Love costs billions of dollars – and it’s rising.
Each week, Consolidated Credit searches for financial research that can help you deal with your debt and budget. This week…
The interesting study
Walt Disney once said, “A man should never neglect his family for business.” But what about neglecting the business of family? A fascinating new study from TD Ameritrade tallies up just how much Americans spend on their adult children and aging parents.
The big result
All told, this country will spend a jaw-dropping $630 billion this year on supporting adult children and aging parents. How much is that? Well, all the credit card debt in the nation currently stands at $856 billion.
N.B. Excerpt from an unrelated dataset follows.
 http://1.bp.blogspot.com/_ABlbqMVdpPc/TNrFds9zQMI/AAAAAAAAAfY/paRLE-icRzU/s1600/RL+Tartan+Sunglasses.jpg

According to TD Ameritrade, 22 percent of Americans are spending an average of $12,000 a year on their adult children, their aging parents, or both.
The fascinating details
They say love is blind. That may be the case here. Many of those family members who are the “Financial Supporters” – that’s TD Ameritrade’s term for them – say the extra expenses aren’t burdening their budgets.
“Only 22 percent say they needed to use their savings to provide financial help,” the study says, “while 30 percent made small sacrifices and lived more frugally.”
Yet the study concludes…
Financial Supporters hold almost $100,000 in debt on average: $22,000 in unpaid credit card balances, personal lines of credit, or personal or student loans, and $75,000 in mortgage debt.
What you can do
Interestingly, these financial situations just seem to happen, without any planning – and even worse, without any discussion.
The study adds…
79 percent have not discussed financial support of others with a financial professional, and only half (49 percent) have discussed it with the person whom they support.
So the first crucial piece of advice is to simply talk about the issue. For starters, Financial Supporters need to sit with their adult children or aging parents and create a budget.
Secondly, Financial Supporters shouldn’t go it alone. They should talk to a debt professional.
“Supporting adult children is one of the major root causes of credit card debt that I’ve seen in my nearly three decades helping people achieve financial freedom,” says Gary Herman, president of Consolidated Credit. “The financial burden of trying to support more than one household – or even just the burden caused by boomerang kids moving back into the home – is often too much for even the most stable budget to handle.”